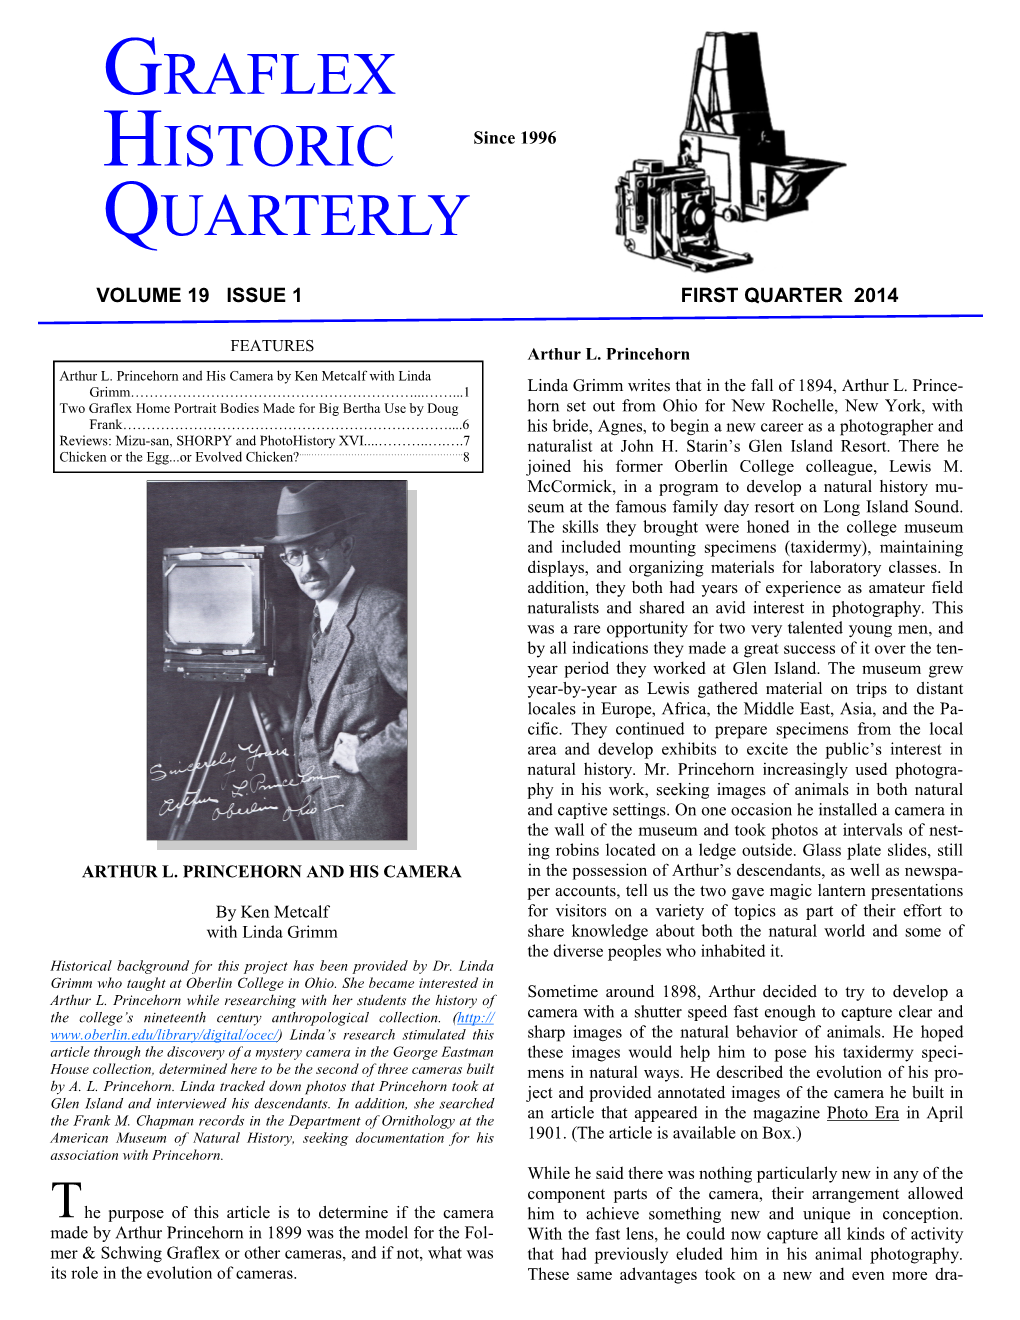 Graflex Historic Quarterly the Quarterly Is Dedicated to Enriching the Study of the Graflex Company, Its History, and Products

--

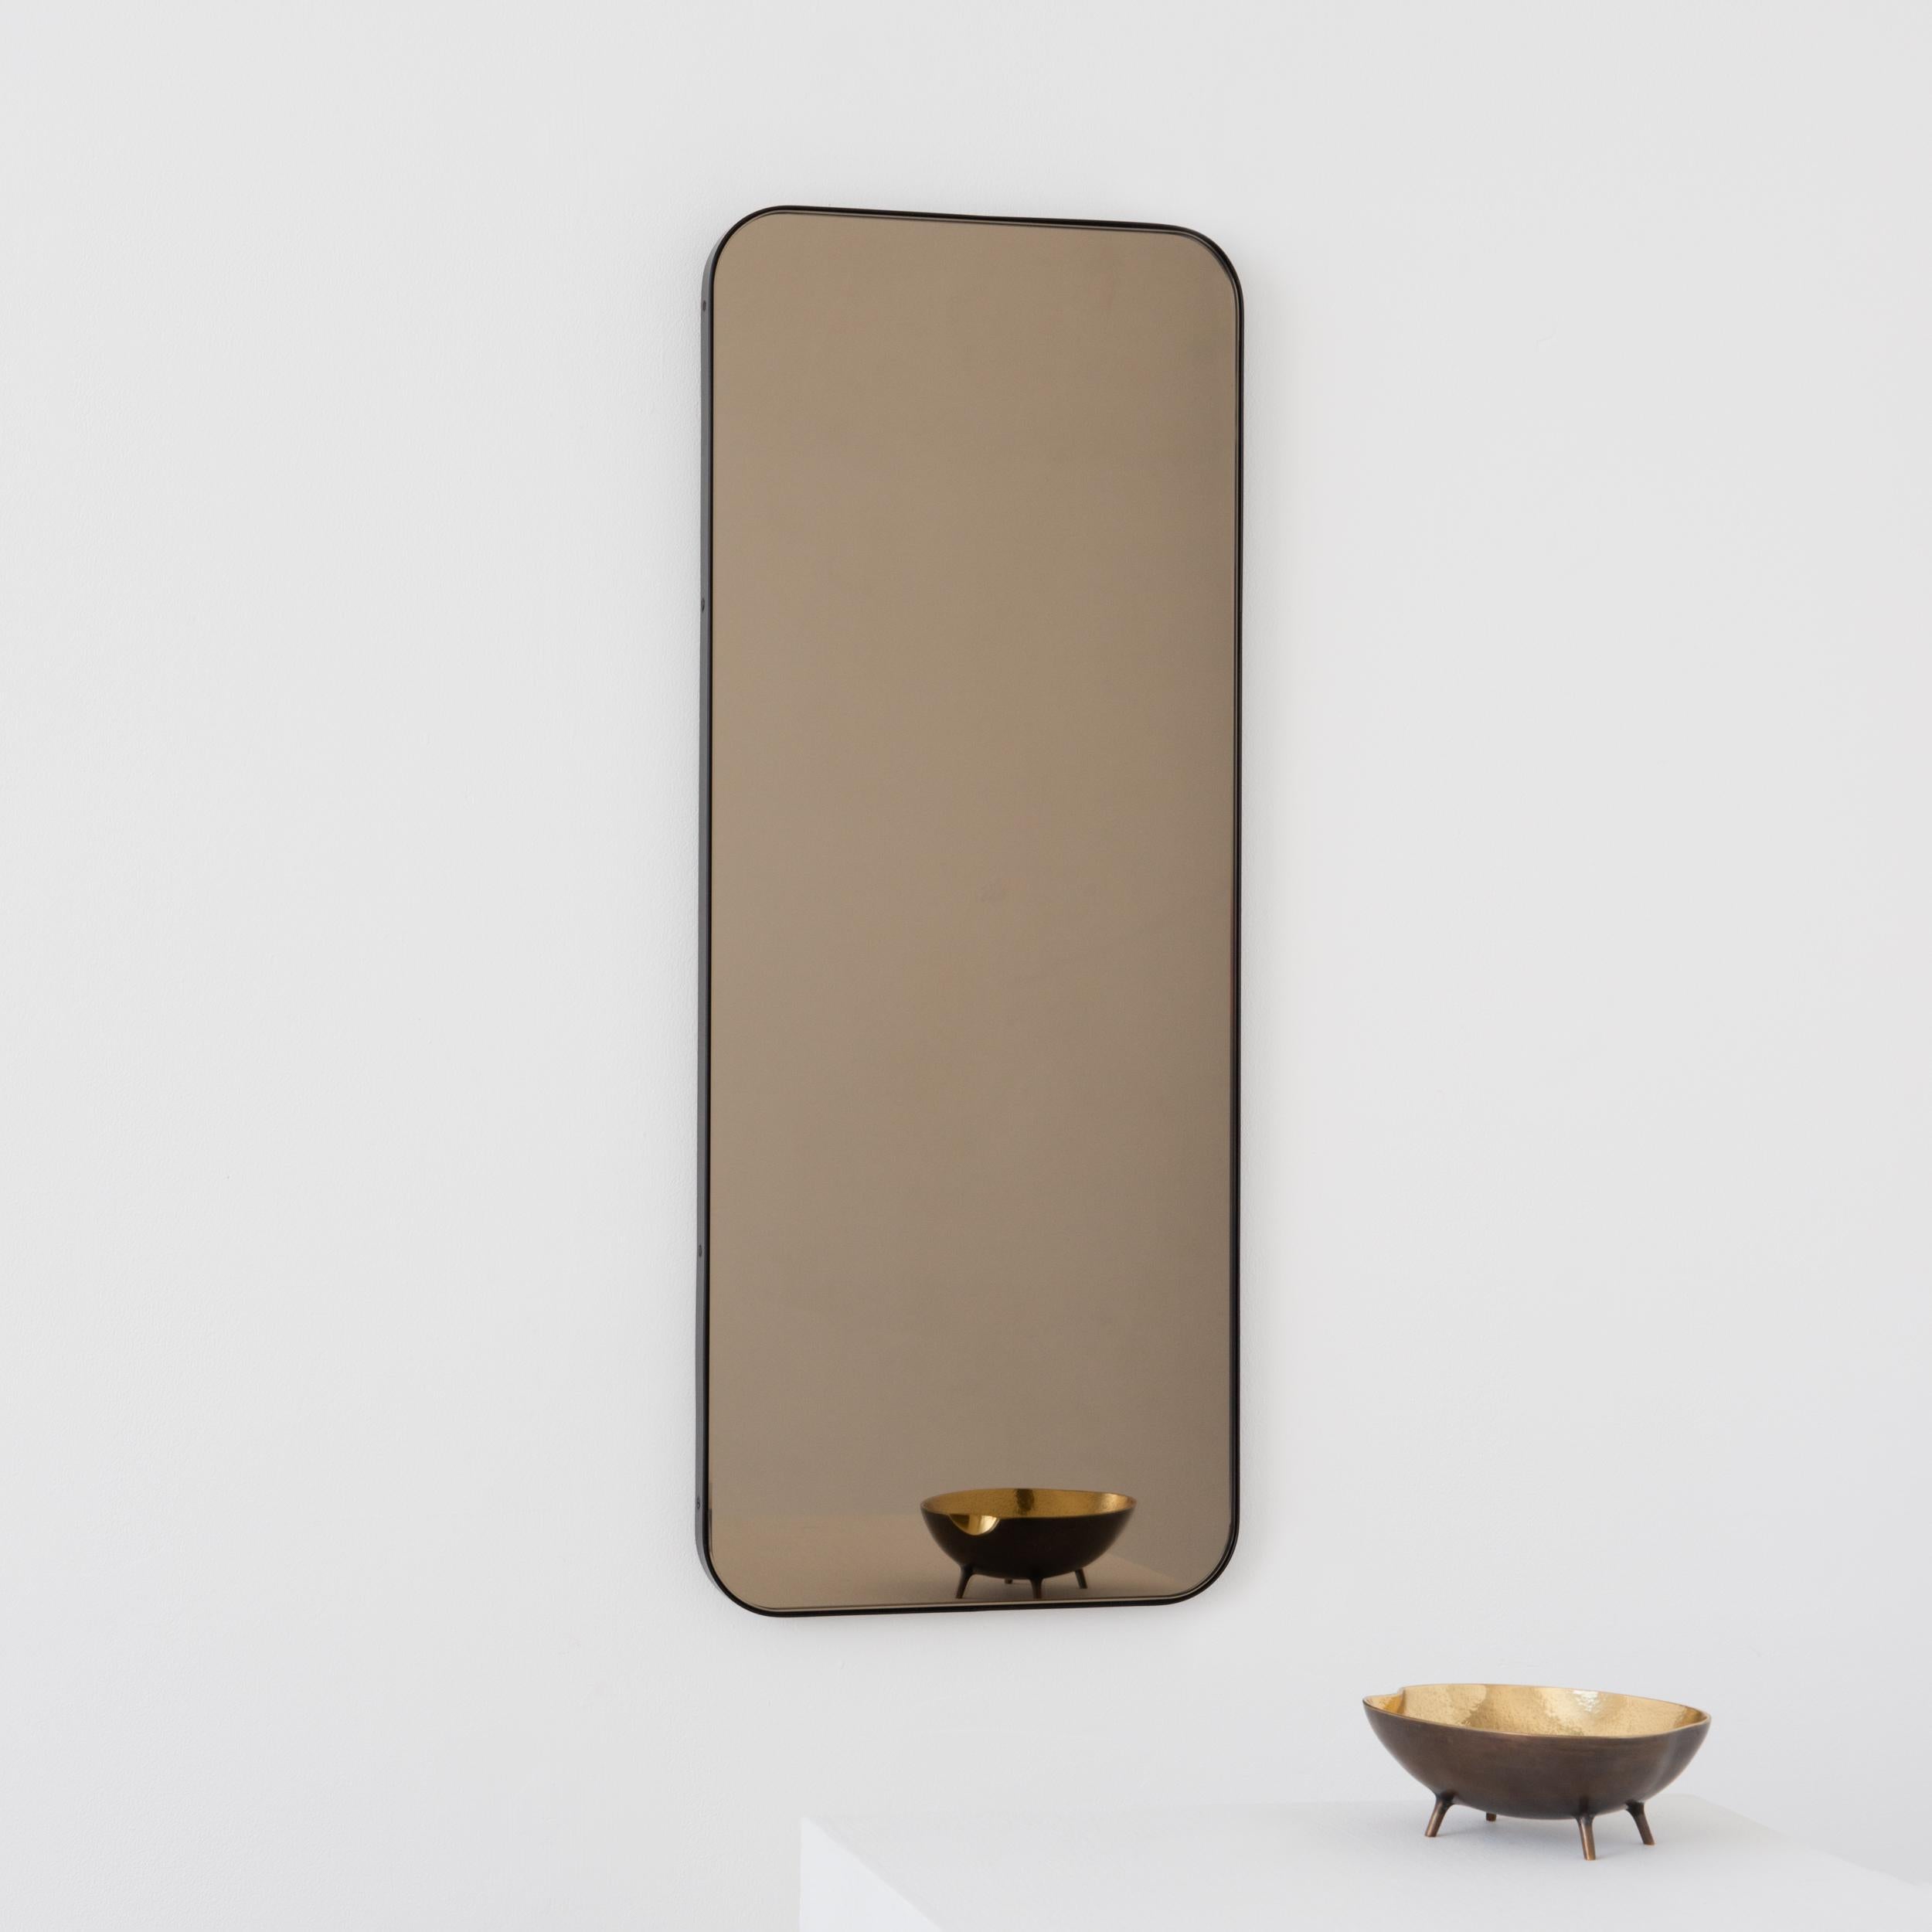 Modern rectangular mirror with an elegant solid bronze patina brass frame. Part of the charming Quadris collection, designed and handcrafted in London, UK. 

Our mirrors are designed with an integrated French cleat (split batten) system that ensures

TASK INSTRUCTIONS = Only the lines between the one with "Modern rectangular mirror" and the one with "Our mirrors are", those two included, get copied from the material above. Keep it exact and free of pictures.

ANSWER BOX =
 Modern rectangular mirror with an elegant solid bronze patina brass frame. Part of the charming Quadris collection, designed and handcrafted in London, UK. 

Our mirrors are designed with an integrated French cleat (split batten) system that ensures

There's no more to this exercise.